> **INPUT DATA**:
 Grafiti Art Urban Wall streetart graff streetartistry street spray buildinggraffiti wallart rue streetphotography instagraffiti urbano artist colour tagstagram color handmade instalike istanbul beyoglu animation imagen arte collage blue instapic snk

==

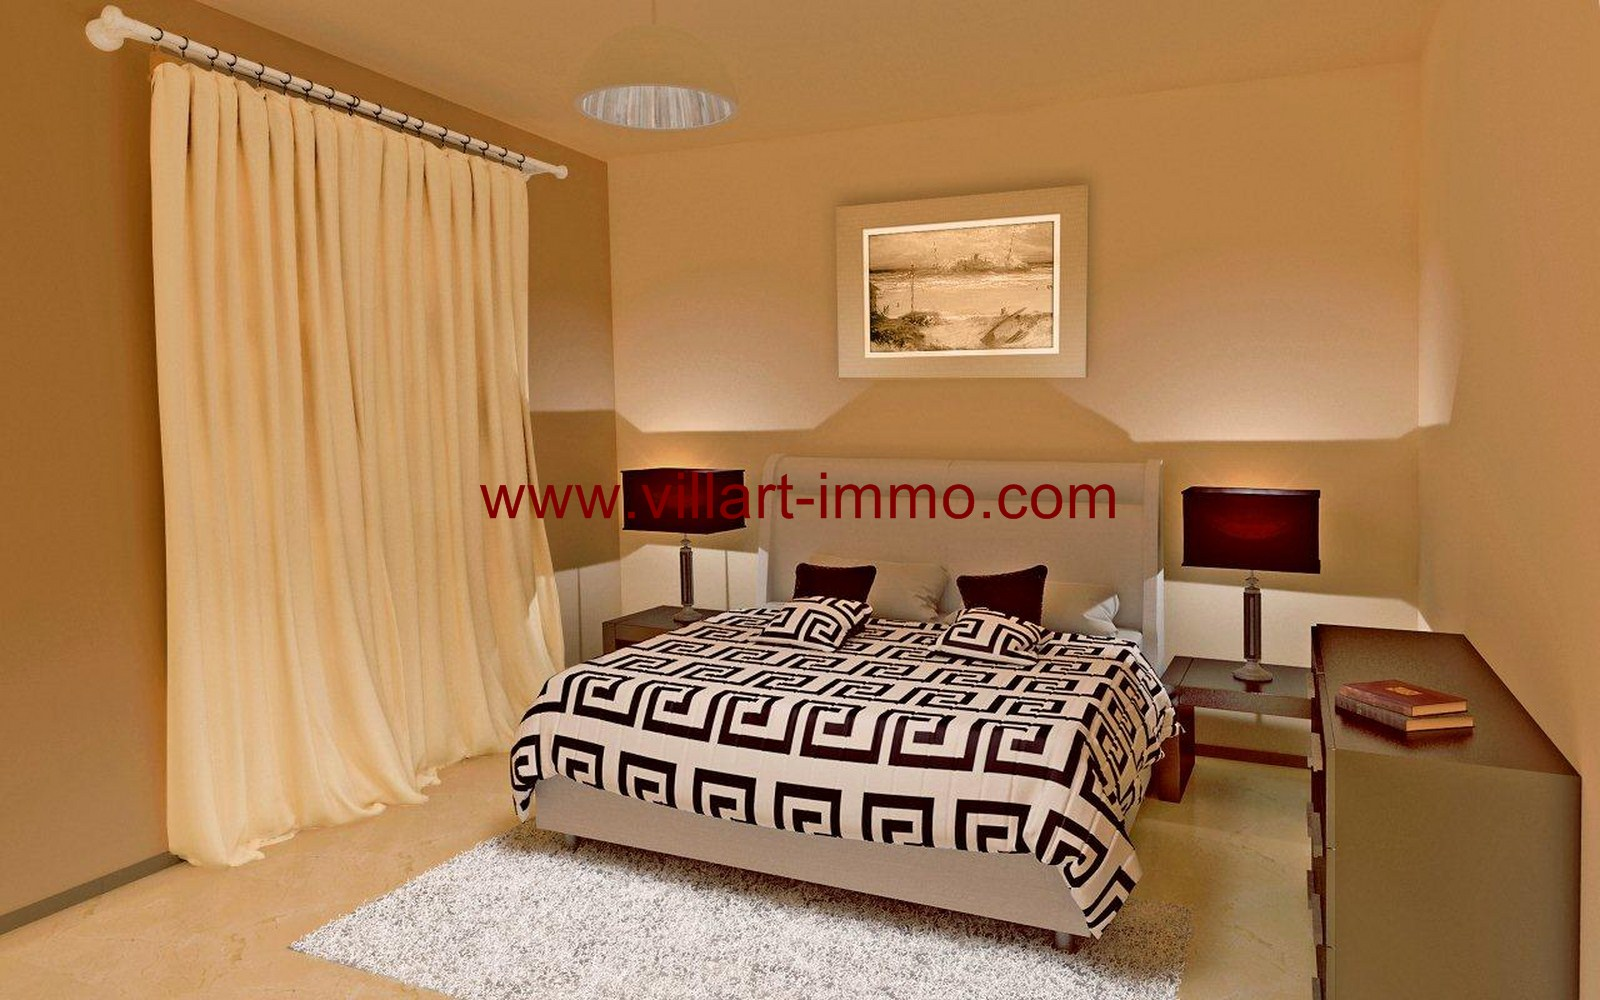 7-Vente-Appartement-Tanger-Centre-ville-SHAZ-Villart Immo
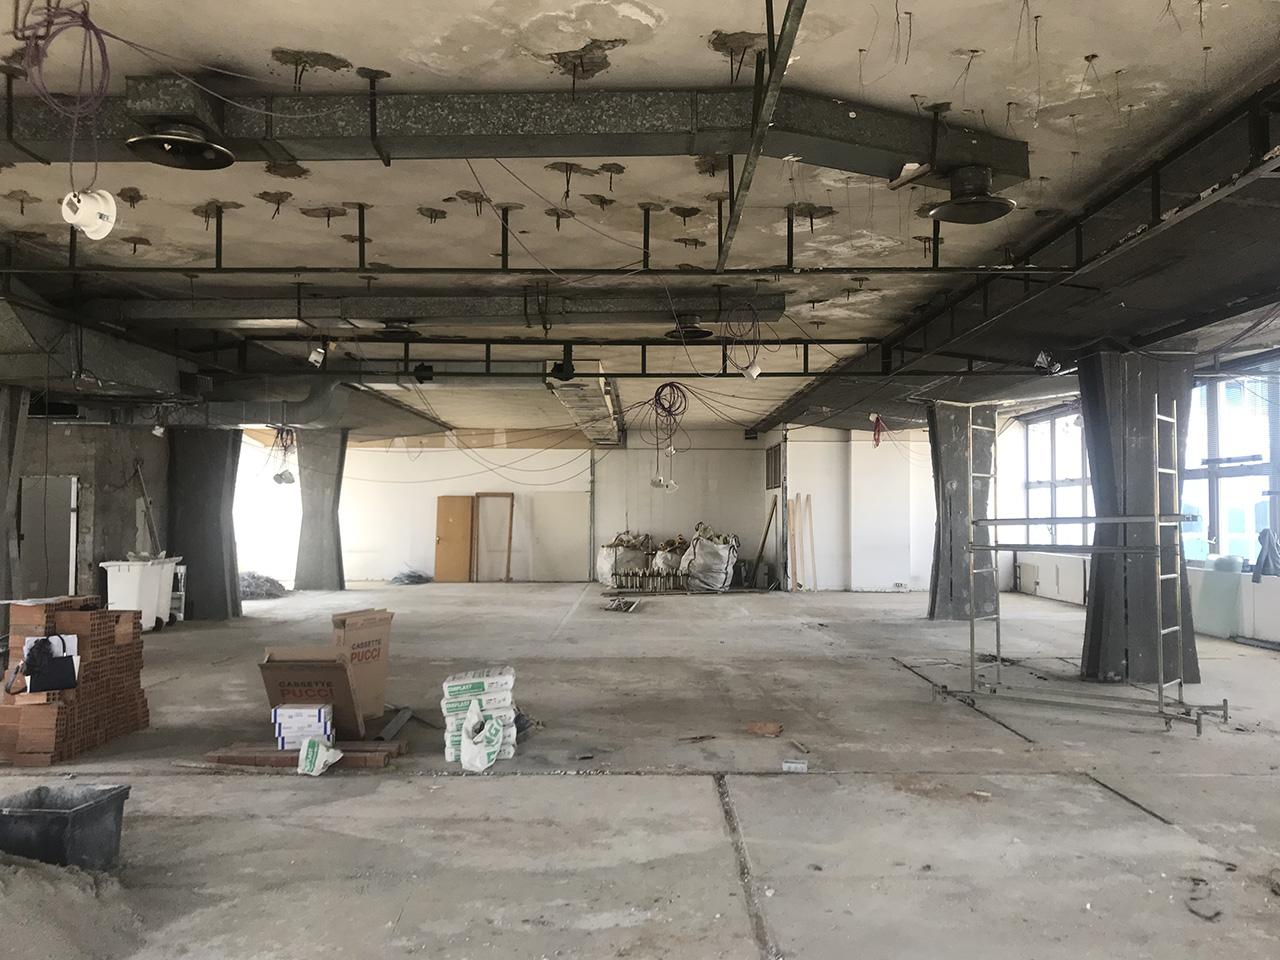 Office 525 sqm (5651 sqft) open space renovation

> **WHAT IS NEEDED**:
After locating "7-Vente-Appartement-Tanger-Centre-ville-SHAZ-Villart Immo" and "Office 525 sqm" in the records above, return exactly the line holding each one and every line between them; leave out the pictures.

> **RESPONSE TO THIS EXERCISE**:
 7-Vente-Appartement-Tanger-Centre-ville-SHAZ-Villart Immo
 Office 525 sqm (5651 sqft) open space renovation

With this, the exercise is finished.